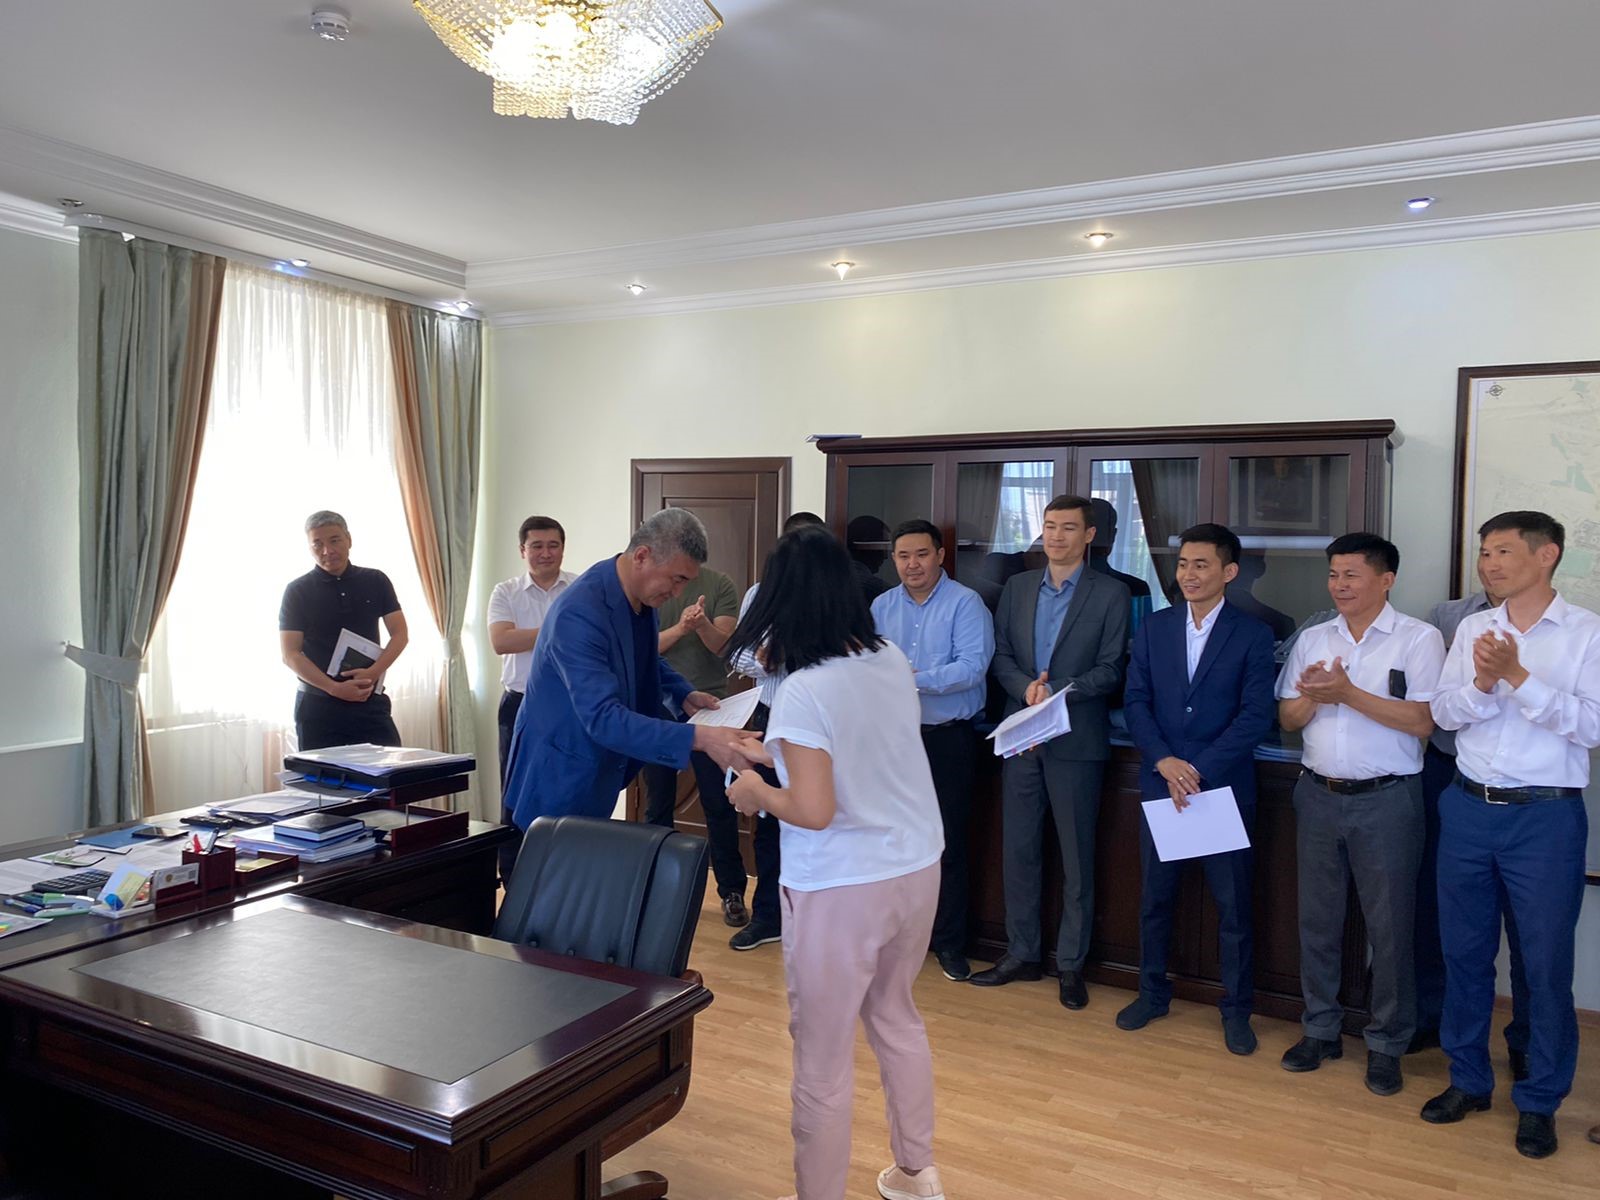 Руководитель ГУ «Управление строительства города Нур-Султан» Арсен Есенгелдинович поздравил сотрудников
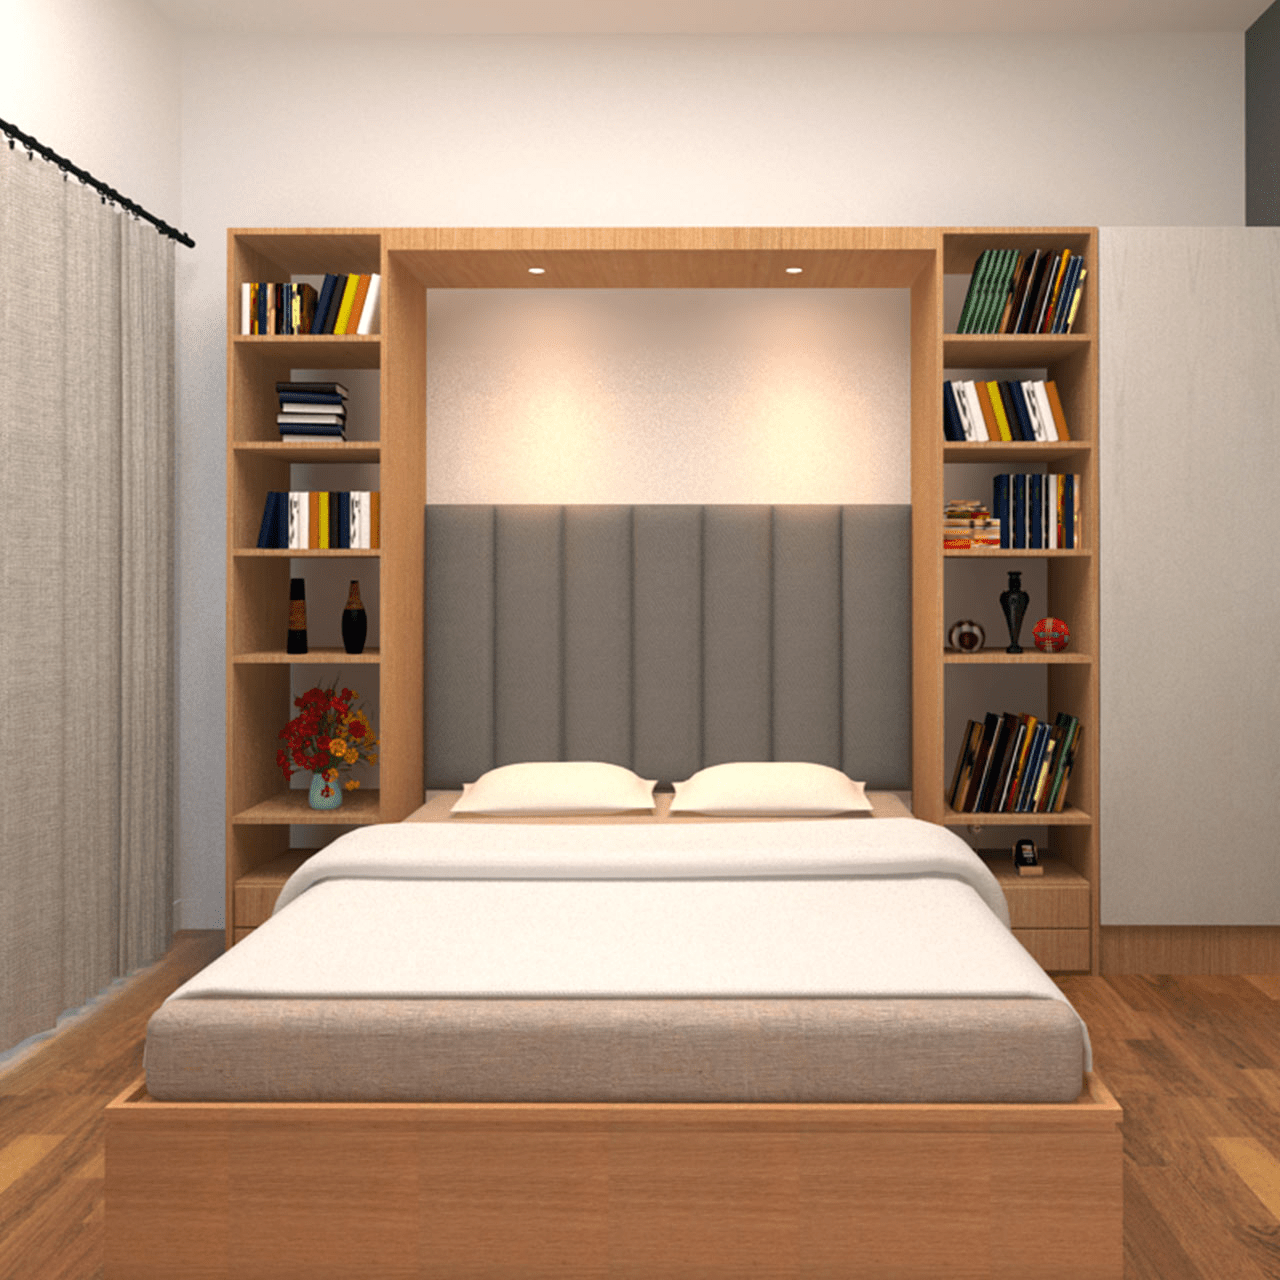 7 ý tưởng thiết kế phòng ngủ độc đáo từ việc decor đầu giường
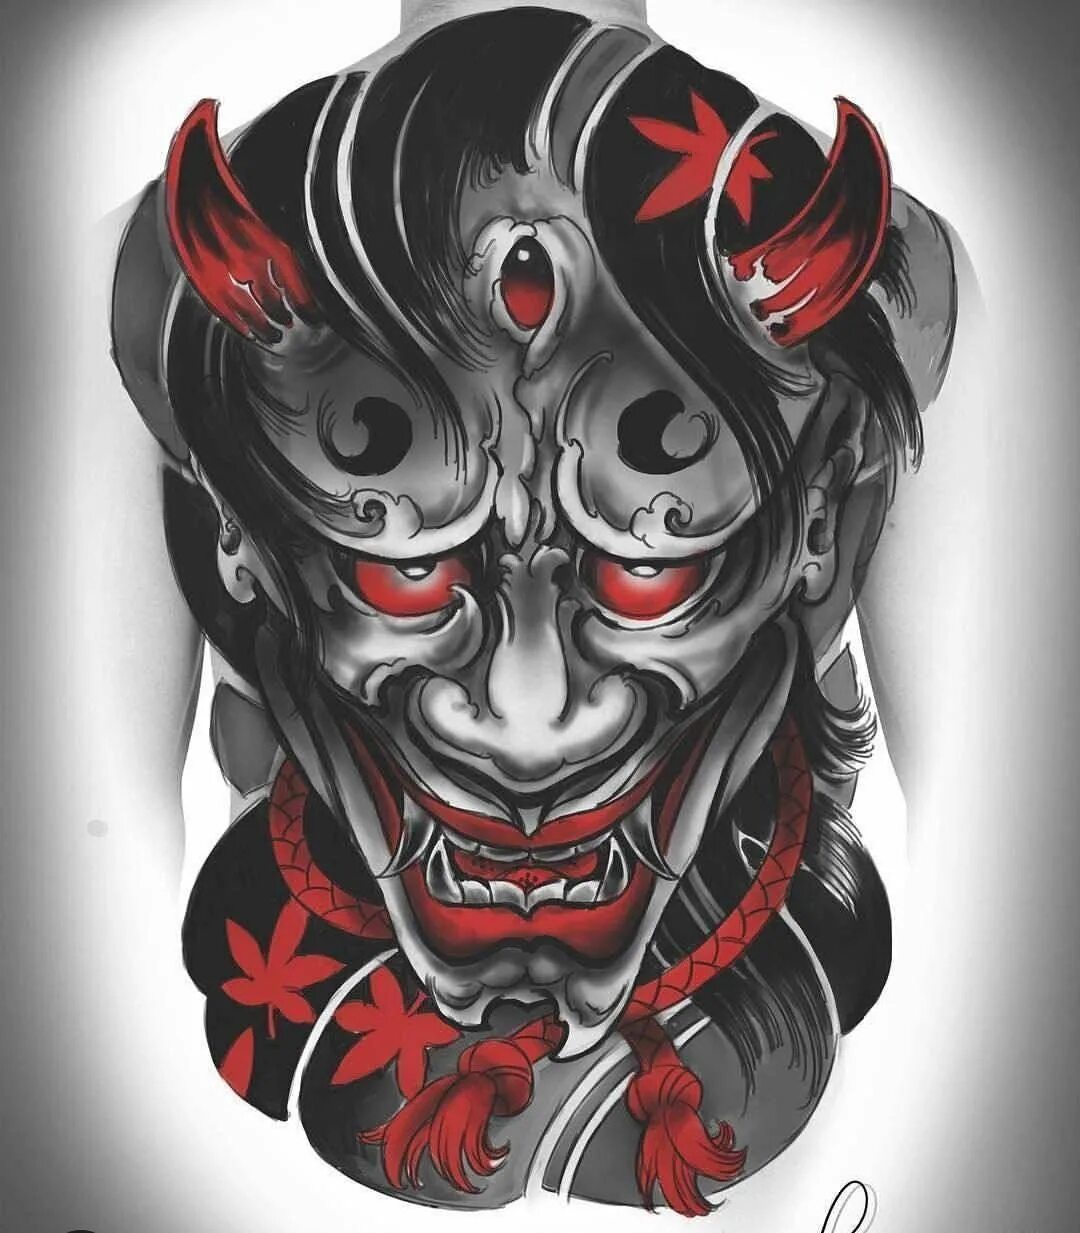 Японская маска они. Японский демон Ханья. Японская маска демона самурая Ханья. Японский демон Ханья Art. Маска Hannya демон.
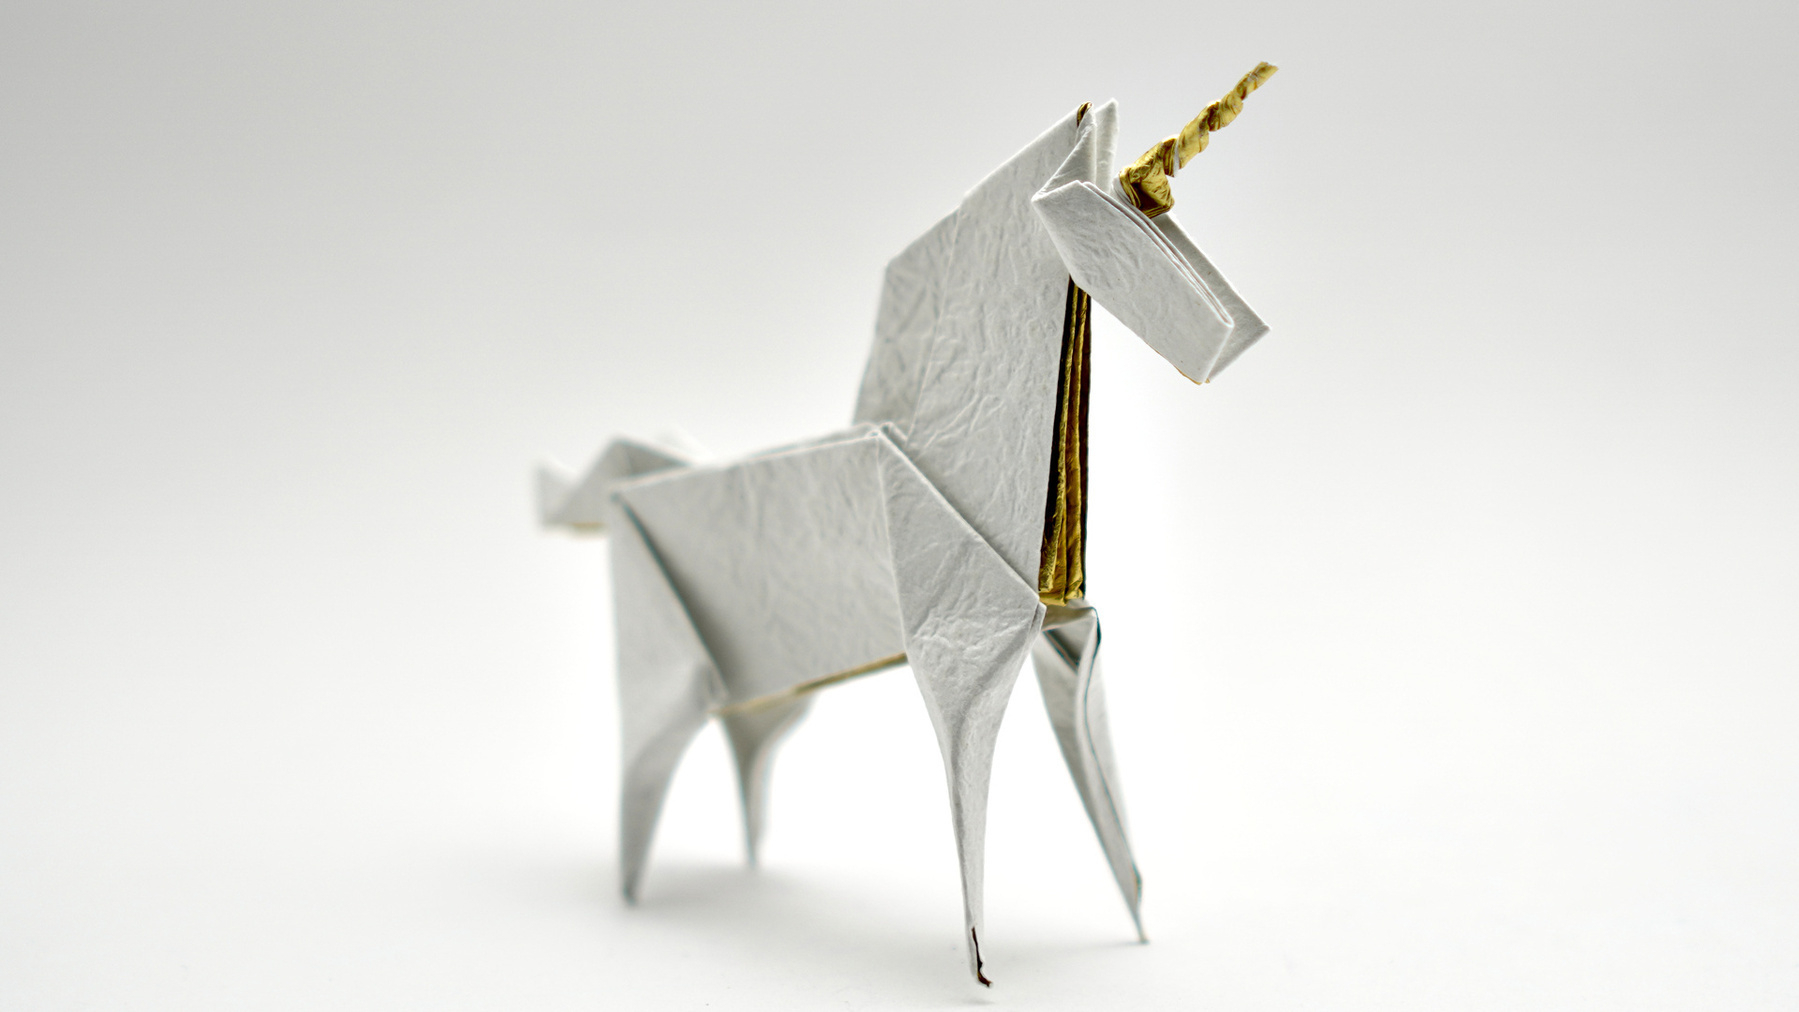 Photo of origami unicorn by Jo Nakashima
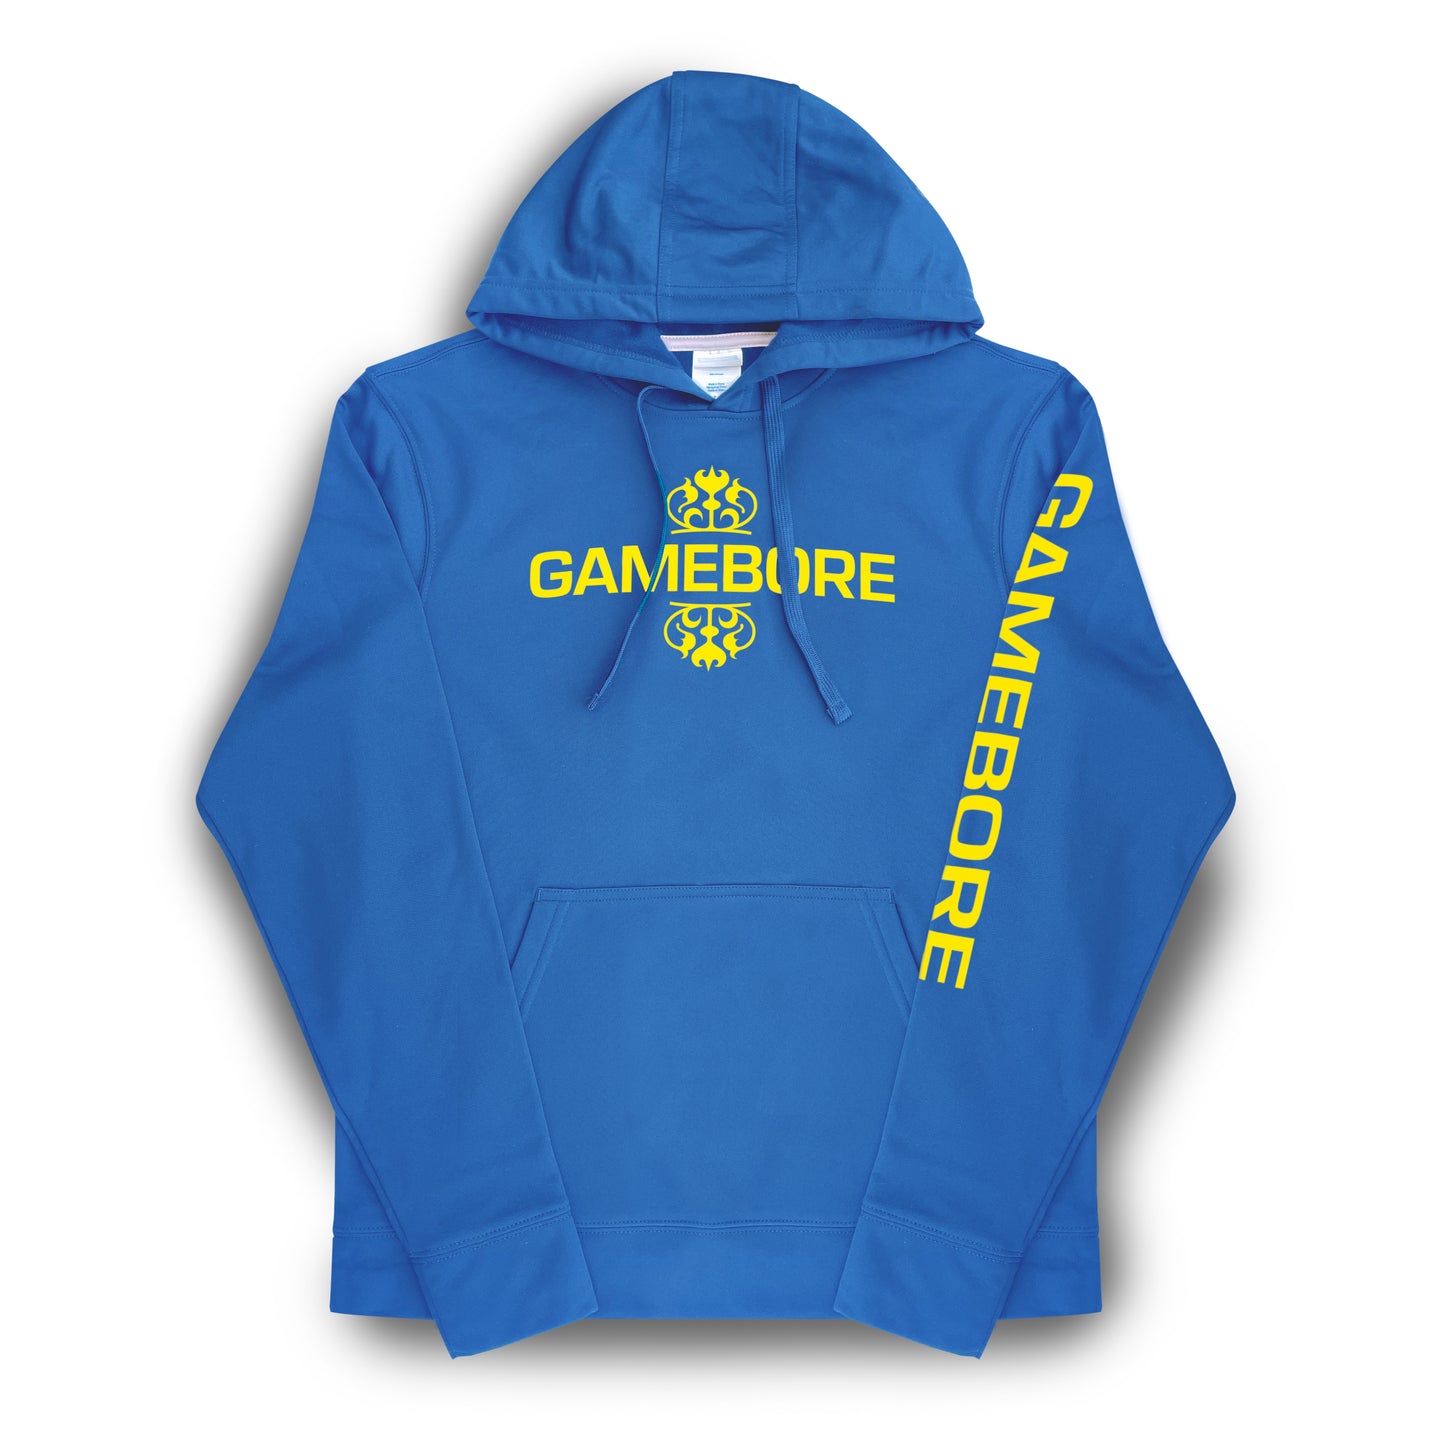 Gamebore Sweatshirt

- _TASK DETAILS_: Leave out the pictures and output everything else in the records exactly.

- _PROBLEM SOLUTION_:
 Руководитель ГУ «Управление строительства города Нур-Султан» Арсен Есенгелдинович поздравил сотрудников
 7 ý tưởng thiết kế phòng ngủ độc đáo từ việc decor đầu giường
 Японская маска они. Японский демон Ханья. Японская маска демона самурая Ханья. Японский демон Ханья Art. Маска Hannya демон.
 Photo of origami unicorn by Jo Nakashima
 Gamebore Sweatshirt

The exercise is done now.